You would act as the trustee while you are living, so you would not lose control of the assets. In the trust declaration, you would name a trustee to succeed you, and you would include a spendthrift provision.
After your death, the trust would become irrevocable, and the assets would be protected from the beneficiary’s creditors. You can determine the nature of the distributions when you establish the trust. Many people in this position will provide a certain amount each month.
Large lump sum distributions could begin when the beneficiaries reach certain ages. This is one possibility, but the choice would be yours, and this is one of the advantages that living trusts provide.
How will you pay for long-term care?
Your legacy can be severely damaged by long-term care costs, and most seniors will require living assistance. Medicare does not pay for custodial care, so this is not the solution.
Medicaid will cover a stay in a nursing home, but you cannot qualify if you have more than $2000 in countable assets in your name. As a response, you can convey assets into an irrevocable trust.
You would surrender access the principal, but you could receive distributions of the trust’s earnings. As long as you fund the trust at least five years before you apply for Medicaid coverage, the principal would not count.
Are you prepared for incapacity?
No one wants to think about this threat, but Alzheimer’s disease is looming. It strikes over 30 percent of people that are 85 years of age and older, and it is not the only cause of cognitive impairment.

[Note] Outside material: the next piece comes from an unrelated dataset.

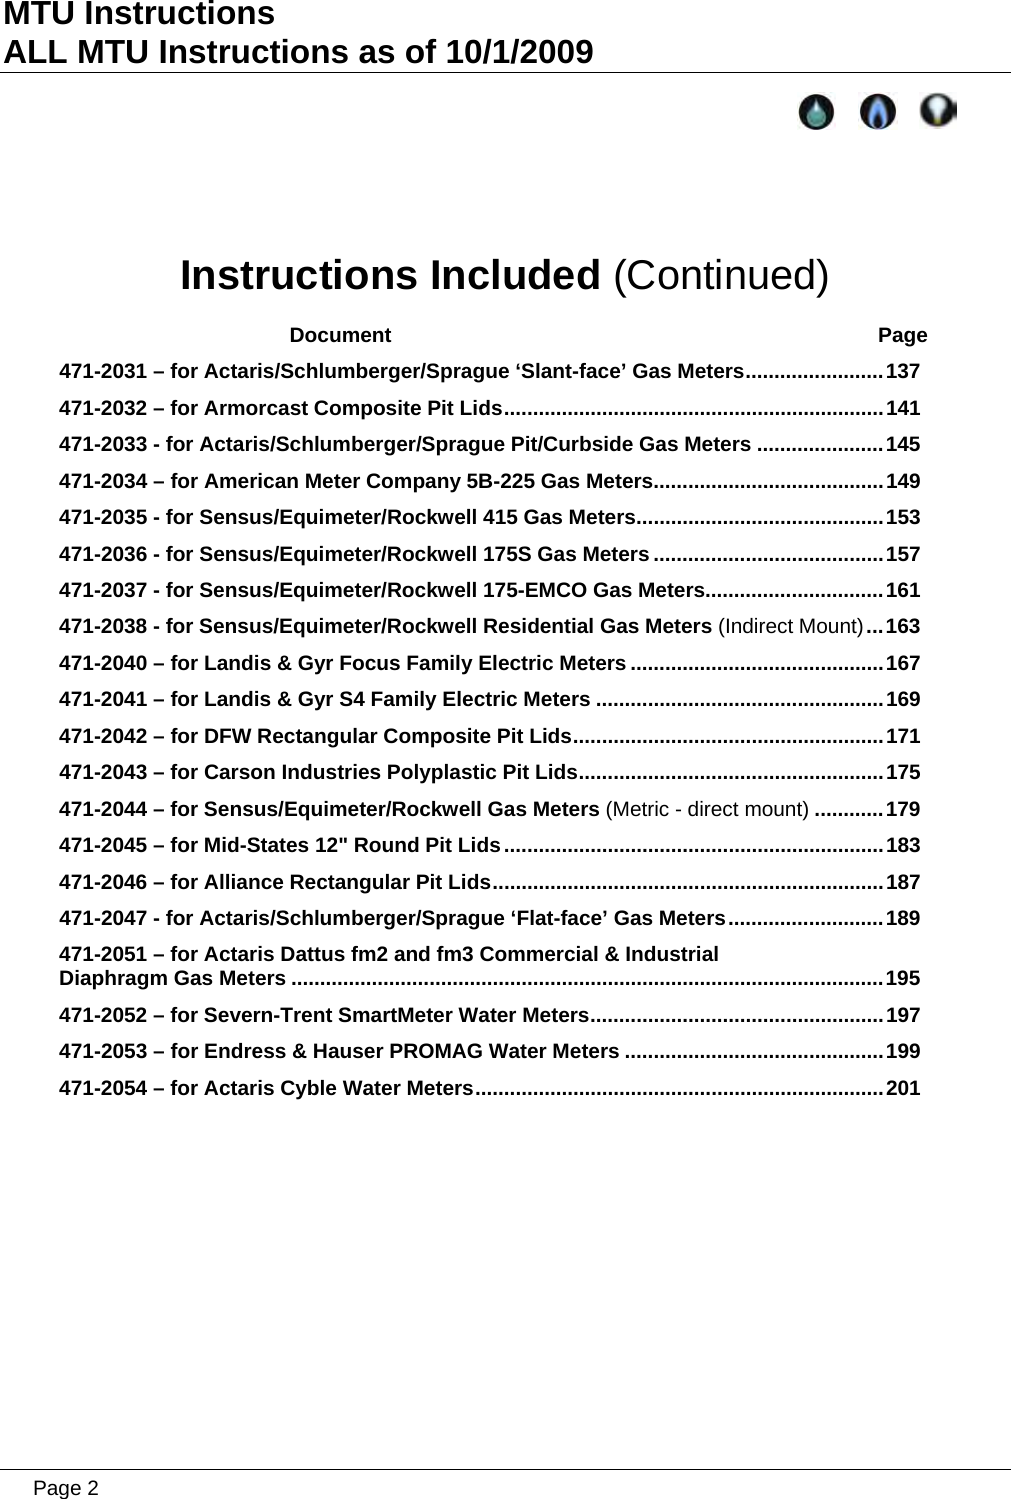 MTU Instructions ALL MTU Instructions as of 10/1/2009   Instructions Included (Continued)  Document  Page 471-2031 – for Actaris/Schlumberger/Sprague ‘Slant-face’ Gas Meters........................137 471-2032 – for Armorcast Composite Pit Lids..................................................................141 471-2033 - for Actaris/Schlumberger/Sprague Pit/Curbside Gas Meters ......................145 471-2034 – for American Meter Company 5B-225 Gas Meters........................................149 471-2035 - for Sensus/Equimeter/Rockwell 415 Gas Meters...........................................153 471-2036 - for Sensus/Equimeter/Rockwell 175S Gas Meters ........................................157 471-2037 - for Sensus/Equimeter/Rockwell 175-EMCO Gas Meters...............................161 471-2038 - for Sensus/Equimeter/Rockwell Residential Gas Meters (Indirect Mount)...163 471-2040 – for Landis &amp; Gyr Focus Family Electric Meters ............................................167 471-2041 – for Landis &amp; Gyr S4 Family Electric Meters ..................................................169 471-2042 – for DFW Rectangular Composite Pit Lids......................................................171 471-2043 – for Carson Industries Polyplastic Pit Lids.....................................................175 471-2044 – for Sensus/Equimeter/Rockwell Gas Meters (Metric - direct mount) ............179 471-2045 – for Mid-States 12&quot; Round Pit Lids..................................................................183 471-2046 – for Alliance Rectangular Pit Lids....................................................................187 471-2047 - for Actaris/Schlumberger/Sprague ‘Flat-face’ Gas Meters...........................189 471-2051 – for Actaris Dattus fm2 and fm3 Commercial &amp; Industrial  Diaphragm Gas Meters .......................................................................................................195 471-2052 – for Severn-Trent SmartMeter Water Meters...................................................197 471-2053 – for Endress &amp; Hauser PROMAG Water Meters .............................................199 471-2054 – for Actaris Cyble Water Meters.......................................................................201   Page 2

In addition to this type incapacity, some people become unable to communicate sound decisions due to physical ailments. If you do nothing to prepare for these possibilities, the state could appoint a guardian to act on your behalf, you would become a ward.
You can proactively prevent a guardianship if you execute the right incapacity planning documents. If you have a living trust, you can name a disability trustee that would assume the role if it becomes necessary.
For the management of property that is not in a trust, you can create a durable power of attorney for property. You can add another durable power of attorney to name an agent to make medical decisions on your behalf.
Speaking of medical matters, your incapacity plan can include a living will. This type of will is used to state your life support preferences, and you can add organ and tissue donation choices.
Are you exposed to the federal estate tax?
For most people, the answer to this question will be no. However, if you have been financially successful, you should consider it. The federal estate tax carries a 40 percent rate, so it is a big deal if you are exposed.
There is a credit or exclusion that can be used to transfer a certain amount tax-free. In 2021, this amount is $11.7 million, but it is scheduled to go down to $5.49 million in 2026.
There is also a gift tax that is unified with the estate tax, so the exclusion applies to large lifetime gifts and the estate that will be transferred after your passing.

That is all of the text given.